| Data block |

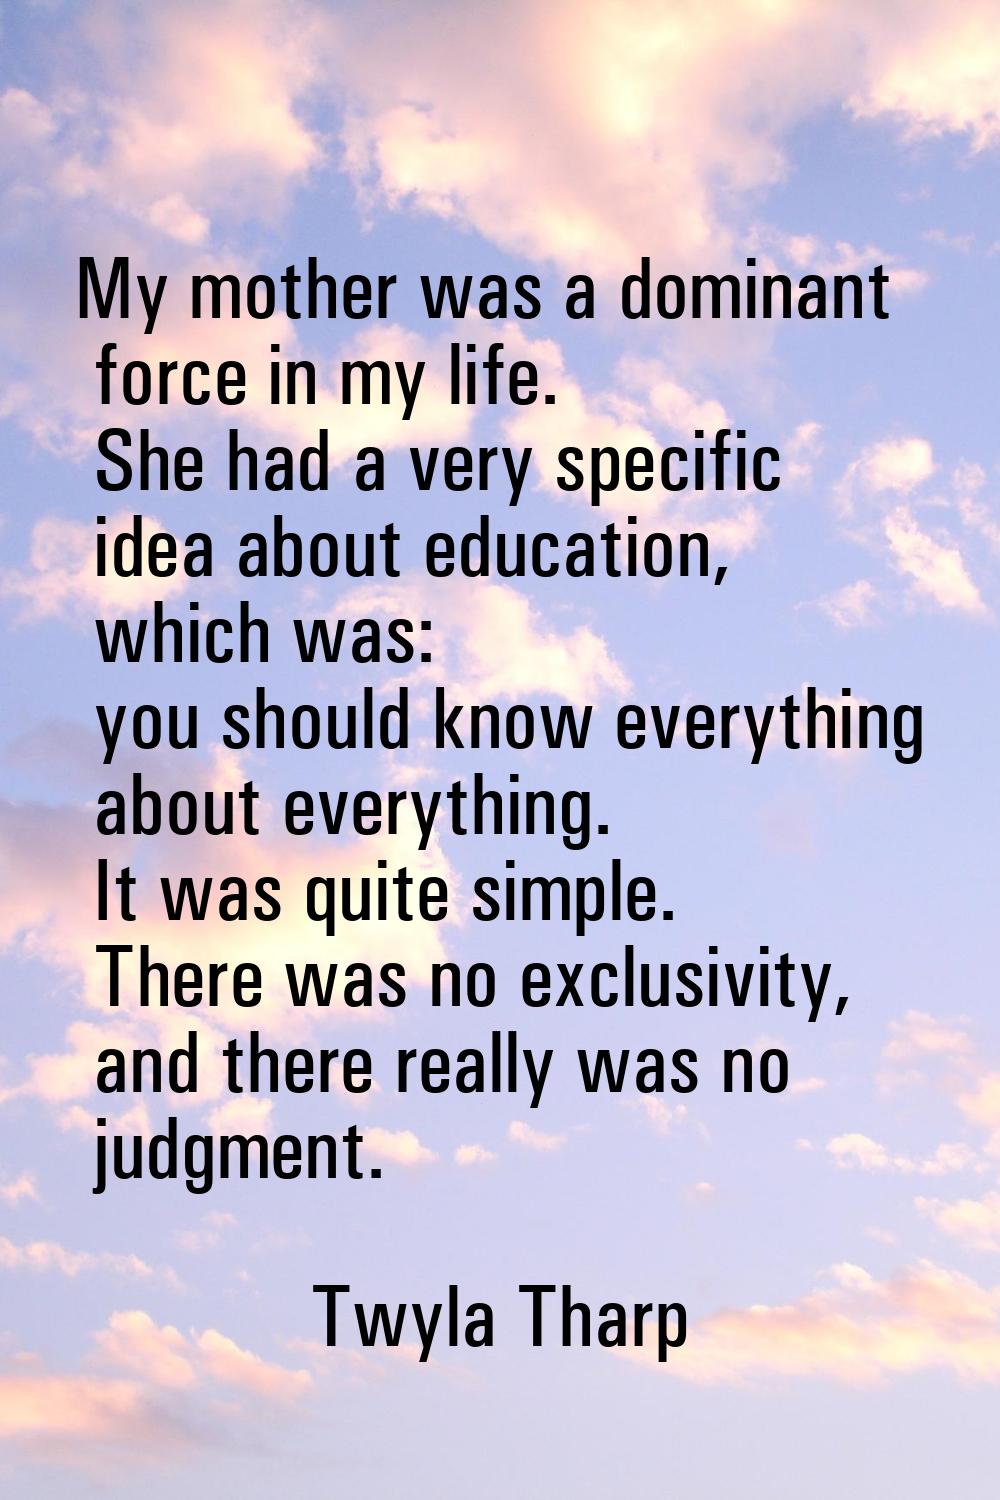 My mother was a dominant force in my life. She had a very specific idea about education, which was:
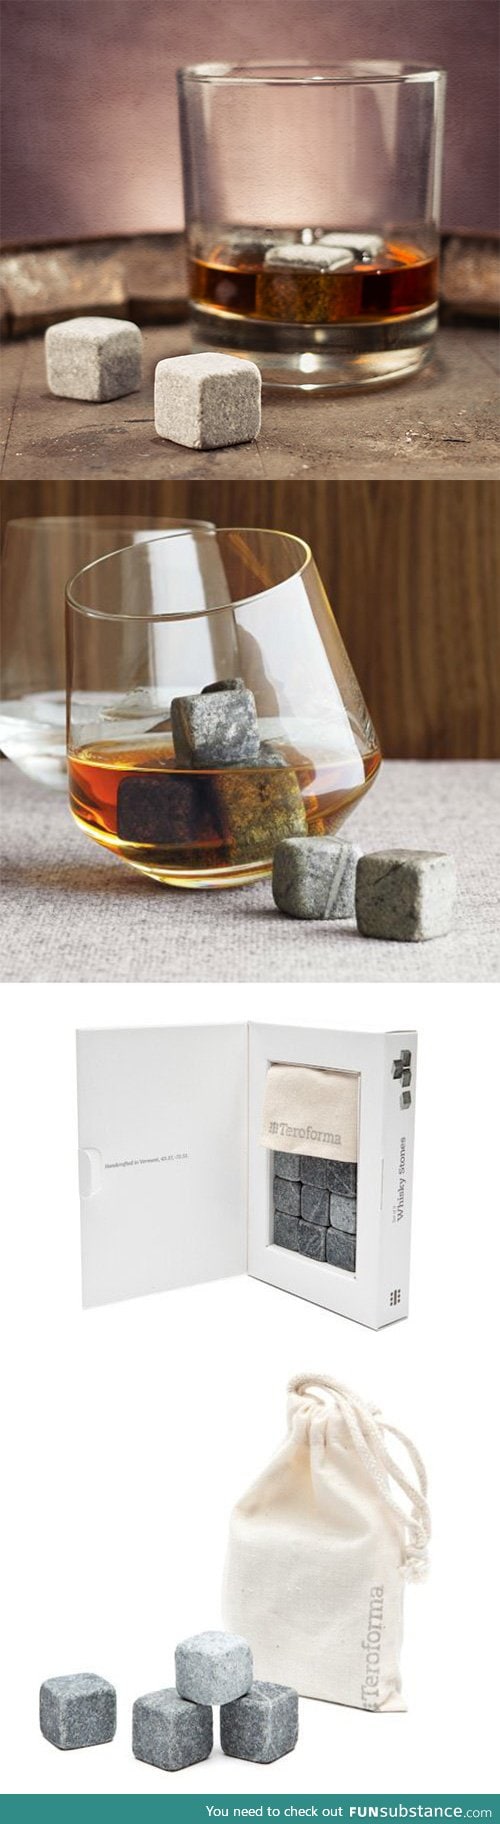 Ice Cube Stones - Make your drinks cold without watering it down
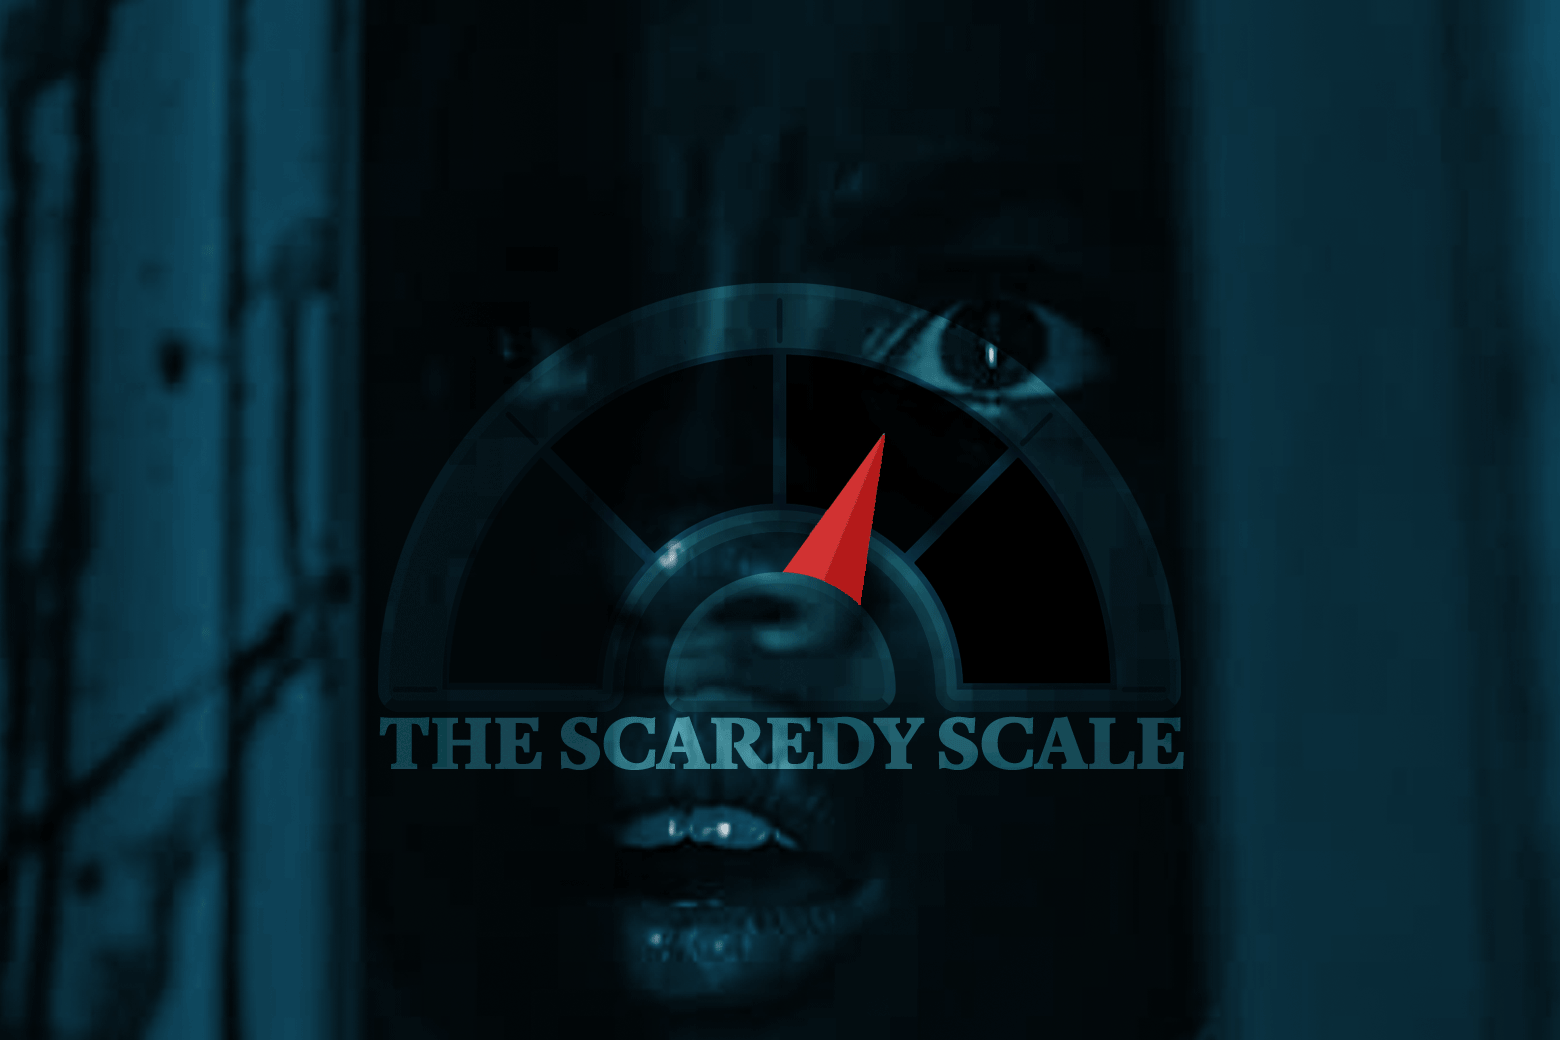 The Scaredy Scale logo is laid over a still from Candyman.
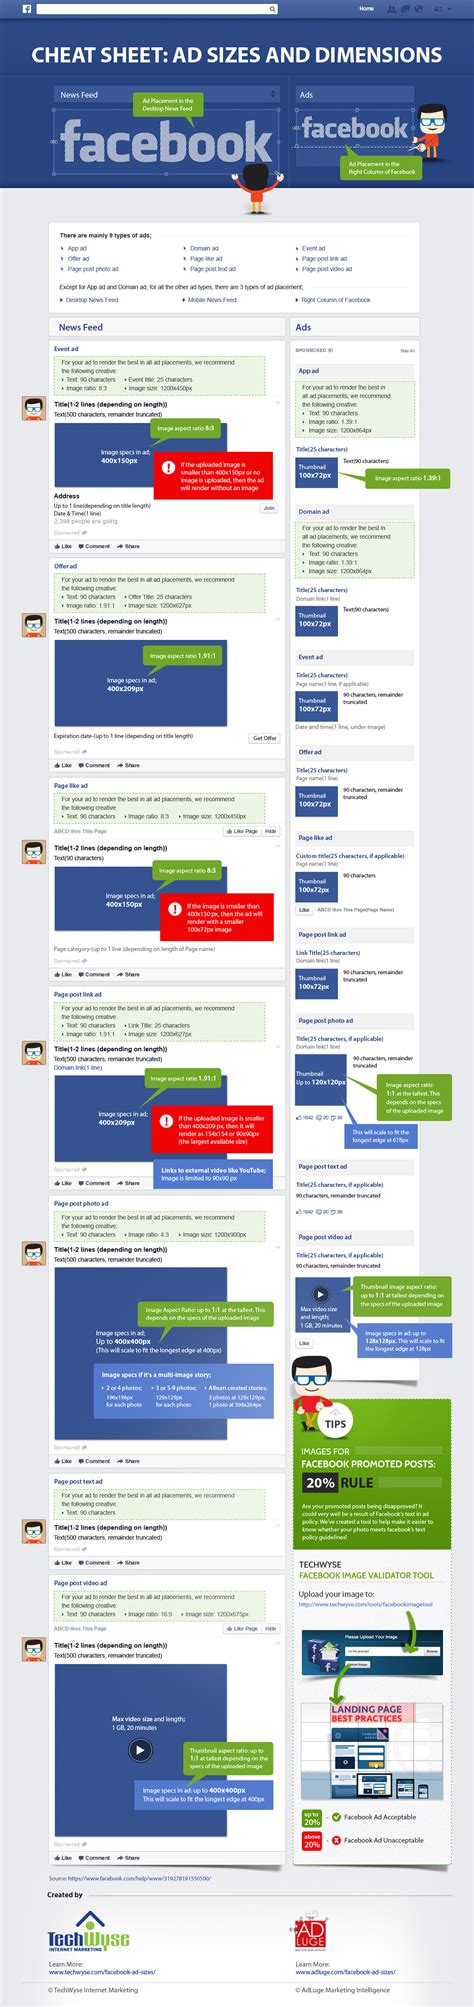 facebook ad specifications  dimensions infographic adluge

| Problem requirements |
The lines from the one containing "Ice Cube Stones" through the end of the data above are to be copied exactly, both ends included, and pictures are to be omitted.

| Exercise answer |
 Ice Cube Stones - Make your drinks cold without watering it down
 The Scaredy Scale logo is laid over a still from Candyman.
 facebook ad specifications  dimensions infographic adluge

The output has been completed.